■ Problem to solve ■
Your task is to write out every line of the data exactly. Drop the pictures.

■ Input data ■
*****

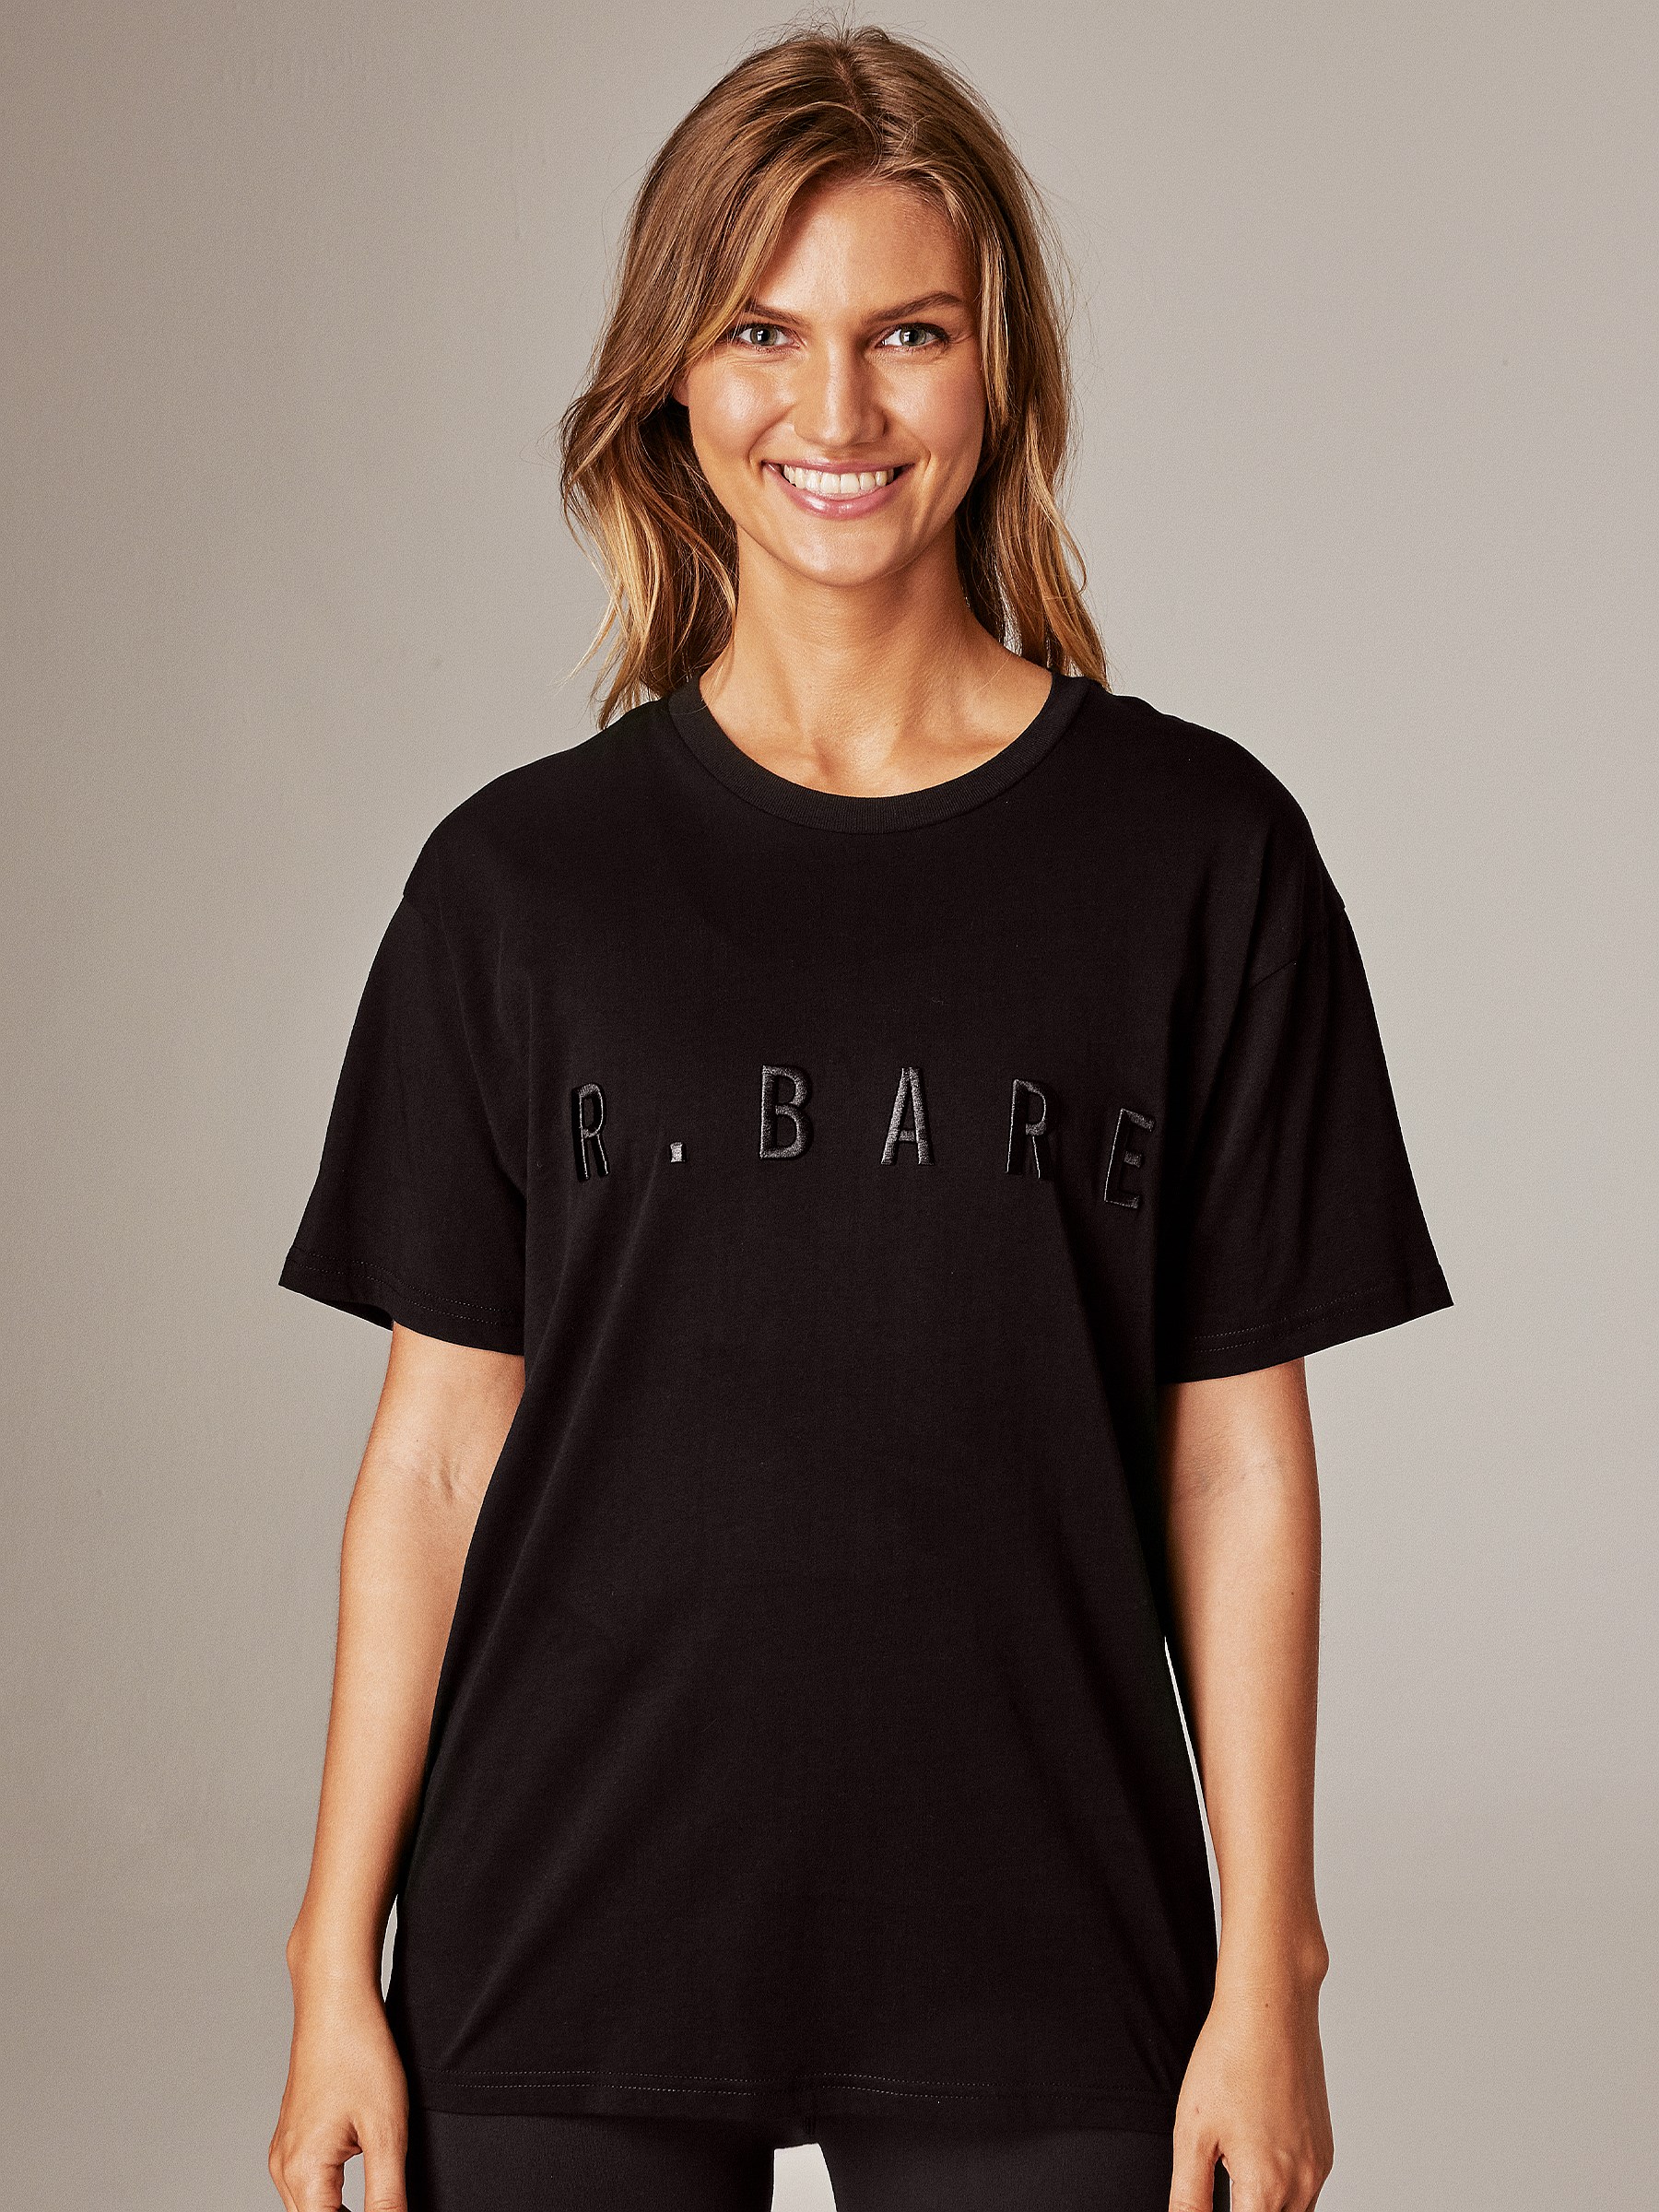 Running Bare Hollywood 90s Tee. Shop Womens Black Gym T-Shirts.
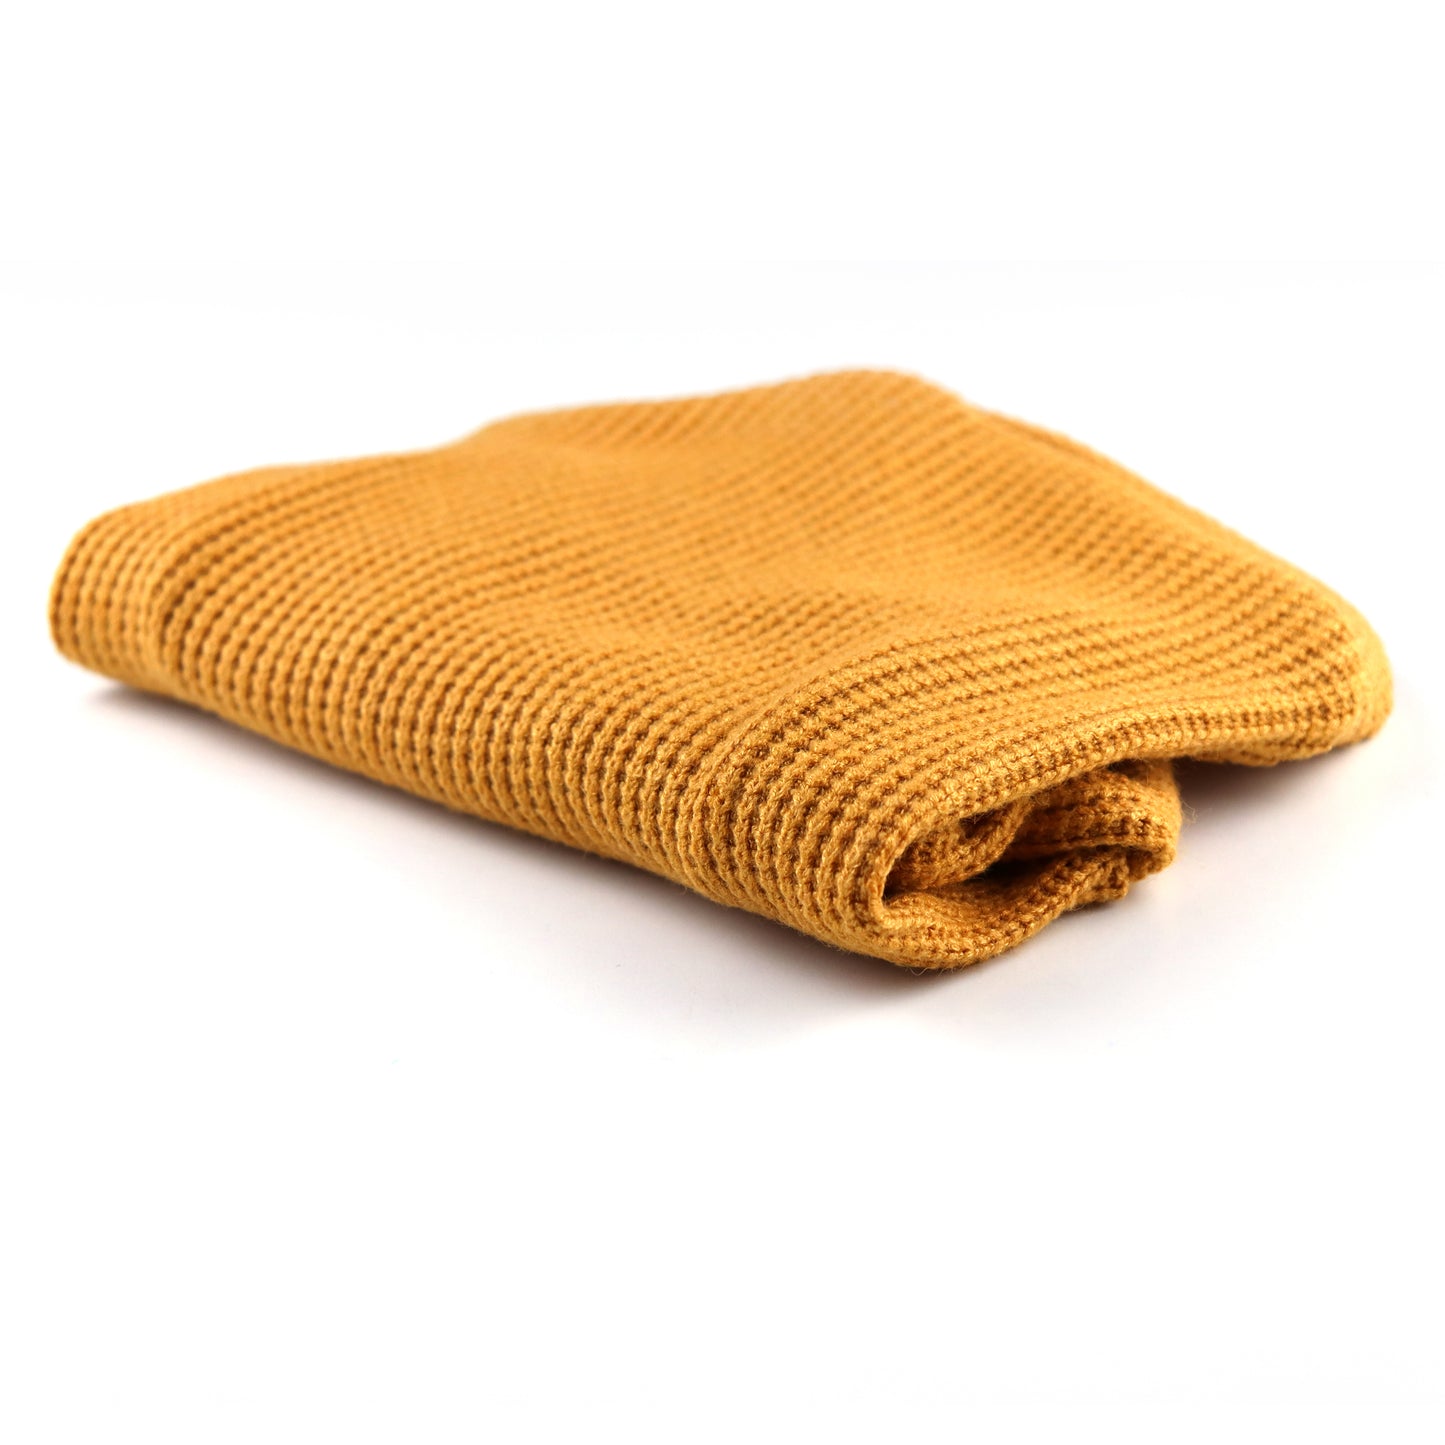 Yellow sweater for Cat. Slip-on for Sphynx, hairless cats and all cats breeds
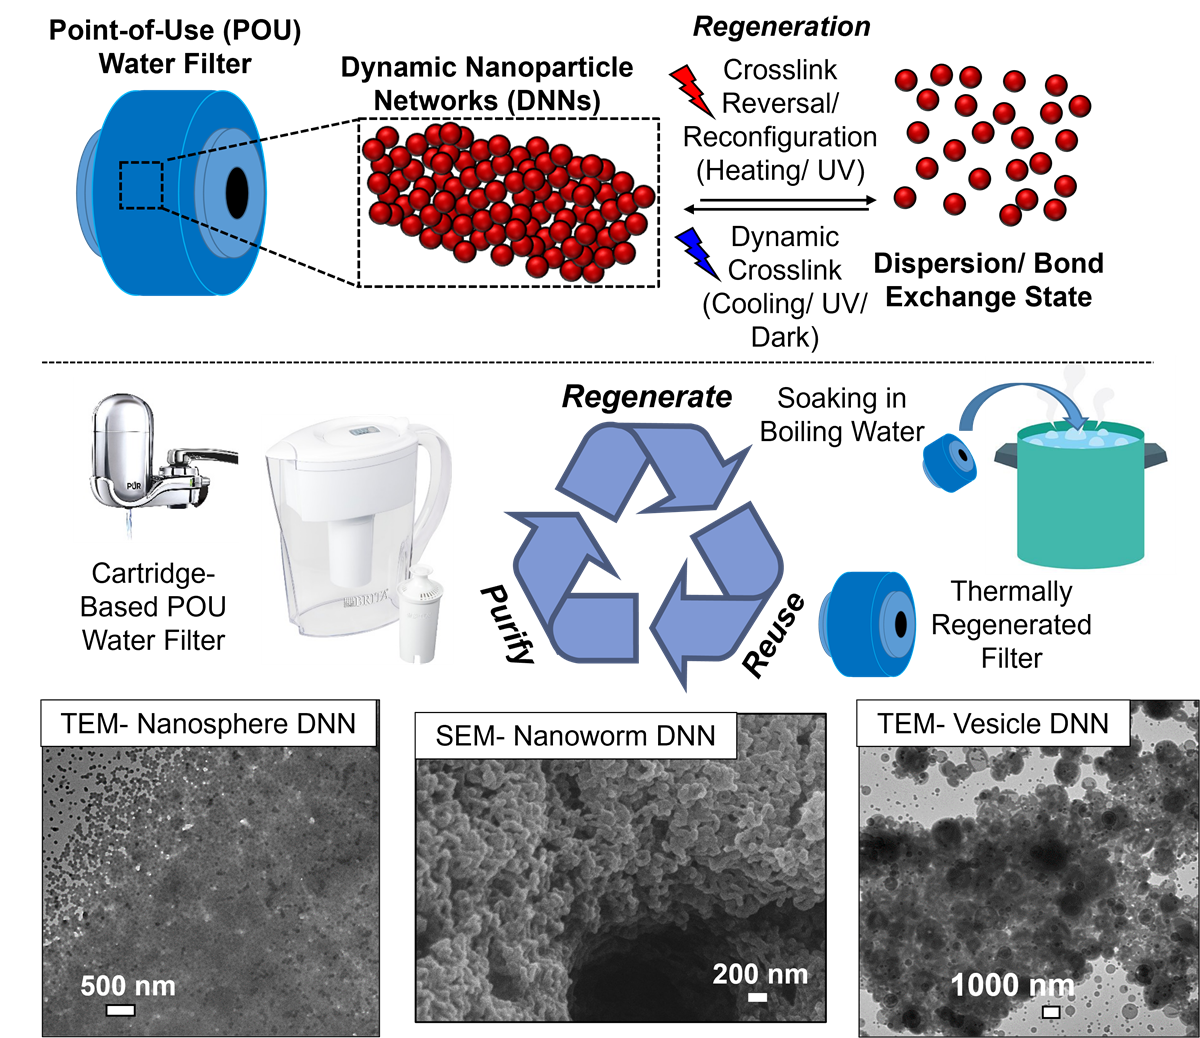 Schematic of point-of-use water filter concept: Dynamic Nanoparticle Networks that undergo reversable crosslinking to trap pollutants can be regenerated for repeated use. Scanning Electron Microscopy images of the nanoparticles in three forms: spheres, worms, and vesicles.

*****

■ Answer to this problem ■
 Running Bare Hollywood 90s Tee. Shop Womens Black Gym T-Shirts.
 Yellow sweater for Cat. Slip-on for Sphynx, hairless cats and all cats breeds
 Schematic of point-of-use water filter concept: Dynamic Nanoparticle Networks that undergo reversable crosslinking to trap pollutants can be regenerated for repeated use. Scanning Electron Microscopy images of the nanoparticles in three forms: spheres, worms, and vesicles.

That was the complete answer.